Pese al fracaso, los trabajadores demuestran su interés para sacar
adelante el conflicto. Sobrevienen nuevas manifestaciones en las
Terminales I y II del Aeropuerto Internacional de la Ciudad de México y
otras zonas de la capital del país.
En junio de 2011, Grupo Avanza Capital se muestra interesado, pero el
intento también fracasa. Mientras, TG Group de nuevo inyecta esperanzas
al afirmar que había depositado $1 millón de dólares por las acciones de
la aerolínea. Los sueños de volver al vuelo se esfumaron una vez más,
cuando el grupo quedaba fuera de toda negociación por haber presentado
cartas de crédito falsas.
Ese mismo mes, Fernando Perfecto, Secretario General de ASPA, demanda a
Gastón Azcárraga por ocultar información financiera de Mexicana a la
Bolsa Mexicana de Valores. En tanto, la DGAC solicita a Estados Unidos
autorización para que Volaris utilice los permisos de aterrizaje y
despegue que estaban asignados a Mexicana.

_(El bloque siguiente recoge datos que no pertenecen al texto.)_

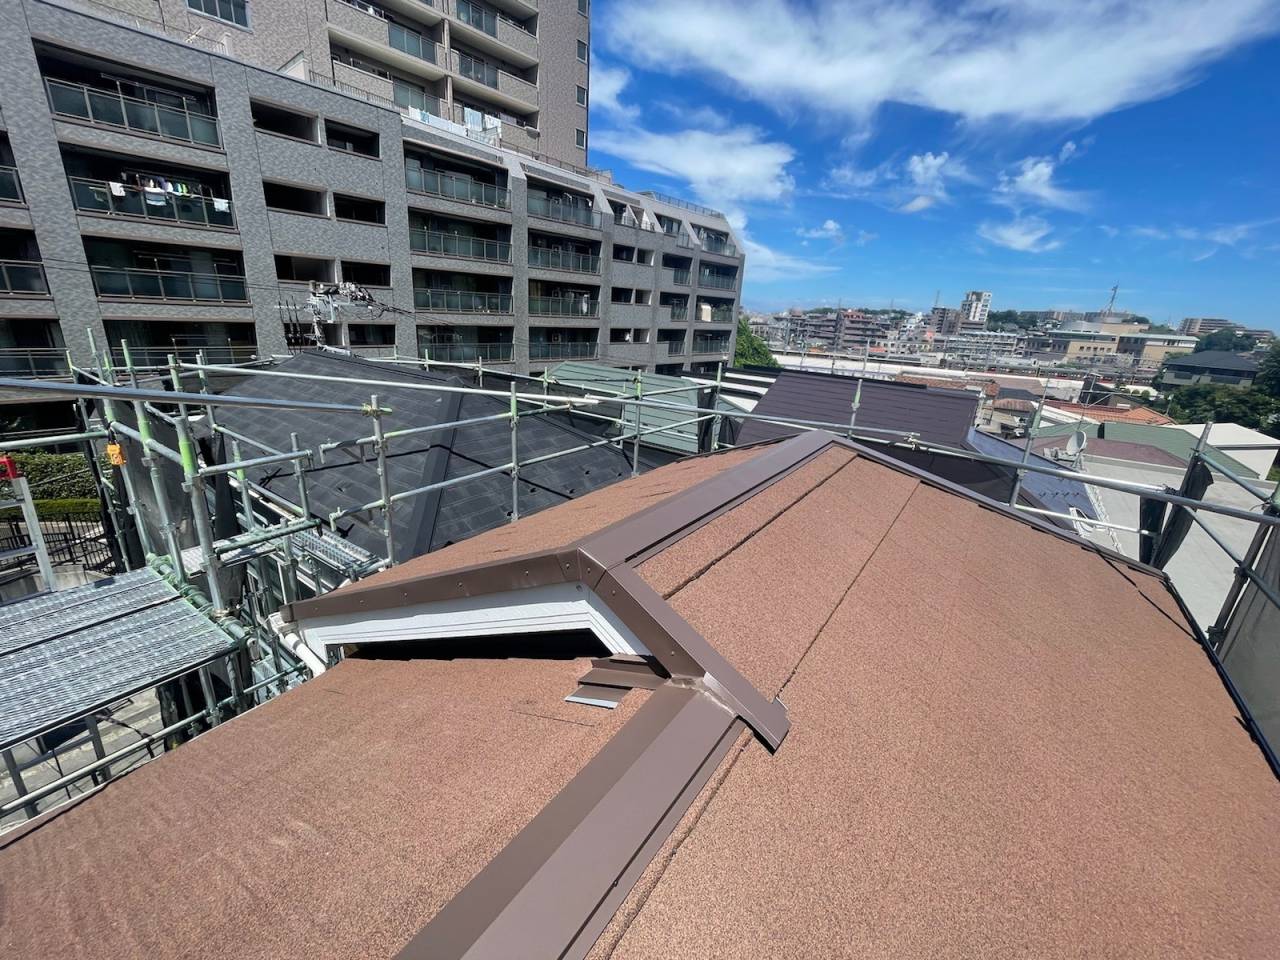 横浜市鶴見区で雨漏りに困ったら雨漏り相談所にご相談ください。屋根カバーの施工方法

El 90 aniversario de Mexicana de Aviación se celebra en tierra, bajo
presión por la falta de acuerdos y con el plazo legal del concurso
mercantil a punto de concluir: la compañía tenía altas probabilidades de
ser declarada en bancarrota. Sin embargo, en septiembre, el juez Felipe
Consuelo decreta la extensión del concurso mercantil por 90 días más.

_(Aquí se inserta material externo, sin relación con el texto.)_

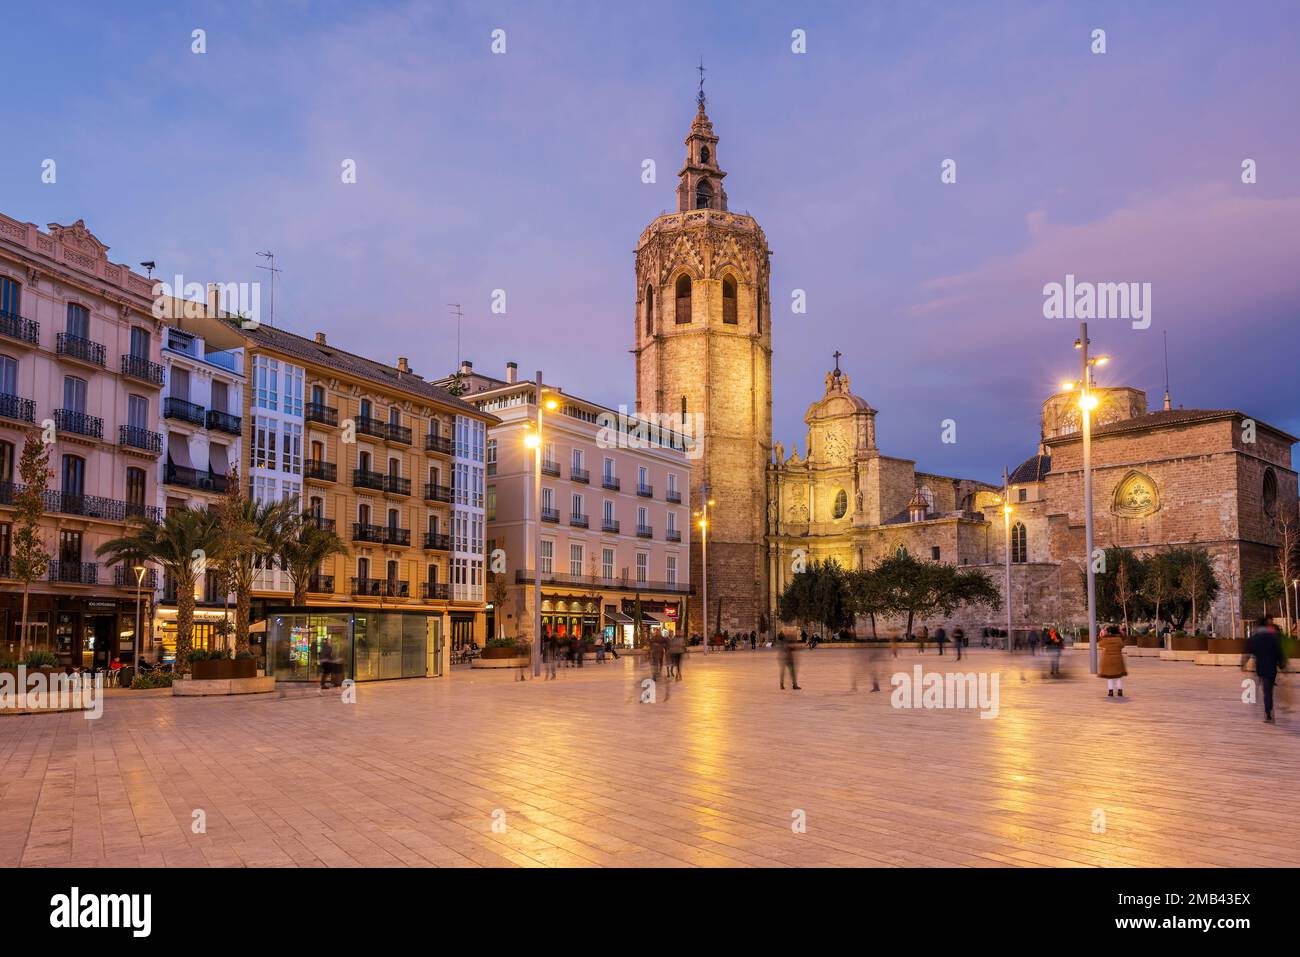 Plaza de la Reina y campanario de Micalet, Valencia, España Foto de stock

Luego del desfile de interesados, los sindicatos denuncian la poca
disposición del gobierno para que la compañía reanude sus operaciones.

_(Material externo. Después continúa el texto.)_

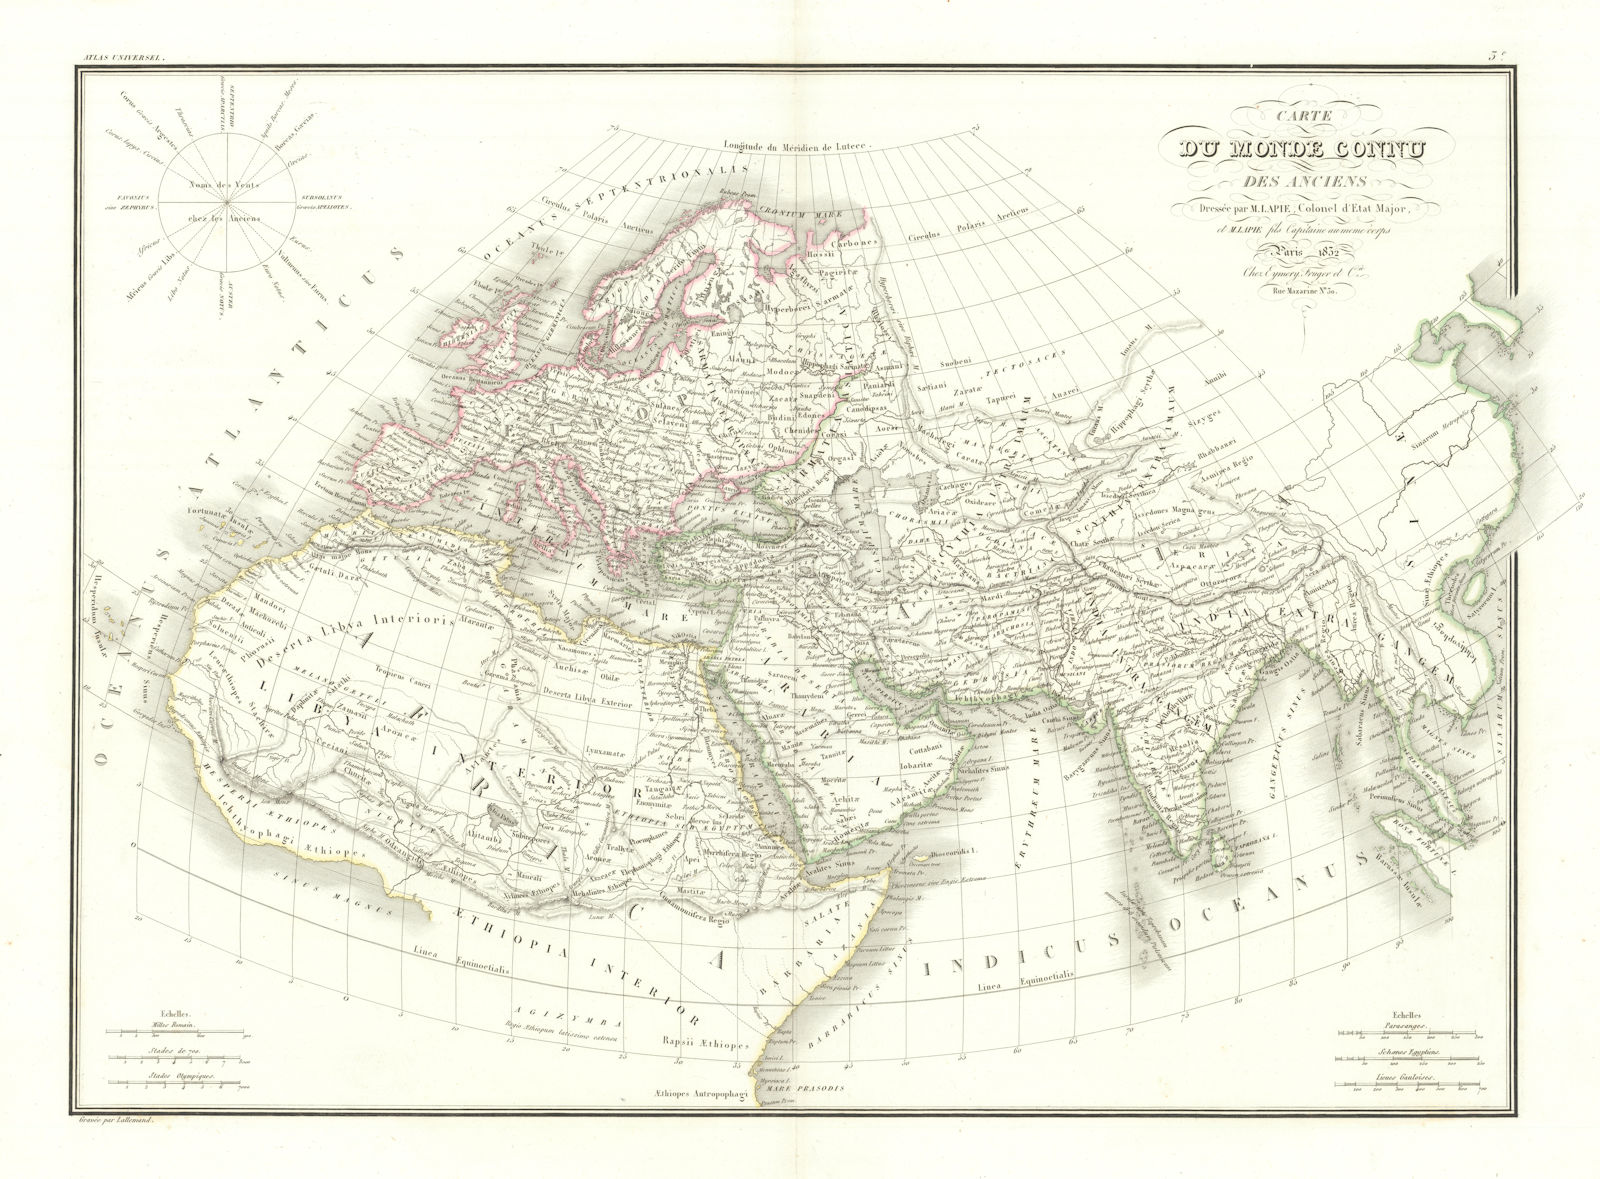 Carte du Monde connu des anciens. World as known to the Ancients. LAPIE 1832 map

Así lo confirma el actual Secretario de ASSA, Ricardo del Valle: “El
principal obstáculo para que Mexicana tenga una reestructura sólida y
viable, para que se vuelva a consolidar, es la falta de apoyos del
gobierno, apoyos de emisión, por ejemplo, del certificado de operador
aéreo. Aunque hayan manifestado que están ahí, cooperando, no vemos
claro esa ayuda de la que hablan los secretarios. Ya las negociaciones
del concurso mercantil están muy avanzadas. Actualmente tenemos 60% de
acuerdos firmados con los acreedores. Tenemos, inclusive, contratos
colectivos que se autorizaron en la Asamblea de noviembre de 2010, en
donde el costo laboral es menor al contrato colectivo que se venía
trabajando. Significa que los trabajadores, con tal de recuperar su
empleo, han aceptado recortes a sus salarios de hasta 40%. Nosotros,
como asociación, hemos cooperado en todos los sentidos para que esto
salga adelante”.
En febrero de 2012, y ante la llegada de un nuevo grupo de interesados,
Med Atlántica, el juez declara la suspensión indefinida del concurso
mercantil.
Med Atlántica, a través de Christian Cadena, asegura tener los $300
millones de dólares que la SCT exige para reestructurar a Mexicana. Se
inicia un largo periodo de negociaciones entre Tenedora K, Med
Atlántica, los sindicatos, la STPS y la SCT.
Sin paso de aduana
El 11 de mayo de 2012, justo en las escaleras del juzgado, Felipe
Consuelo informa que Tenedora K había transferido exitosamente 95% de
las acciones de Mexicana a Med Atlántica, por lo que esta última se
convertía en dueña.
Con ese paso, los involucrados afirman que sólo faltan dos cosas para que Mexicana retome el vuelo:
- Llegar a nuevos acuerdos con los principales acreedores, Bancomext y Banorte, para cerrar el concurso mercantil
- Solicitar a la SCT el Certificado de Operador Aéreo
Sin embargo, hasta el día de hoy nada se ha podido concretar y el
secretario general de sobrecargos, Ricardo del Valle, explica los
motivos: “¿Qué hace falta? Evidentemente que se entregue el Certificado
de Operador Aéreo (AOC por su siglas en inglés), así como concluir y
ratificar los acuerdos con los acreedores. El último tema fundamental es
que llegue el inversionista, en este caso Med Atlántica. Pero el
inversionista tiene temor de hacer la inyección de dinero y que no se
entregue el certificado, que es lo que finalmente permite que un avión
pueda volar. Si el gobierno estuviera dispuesto, entregaría el
certificado y evidentemente exigiríamos al inversionista que deposite
los recursos. Incluso podría entregar el AOC condicionado y decir
‘tienen 20 días para bajar el recurso, y si en ese tiempo no demuestran
tener la capacidad financiera, ya no sería cuestión del gobierno’.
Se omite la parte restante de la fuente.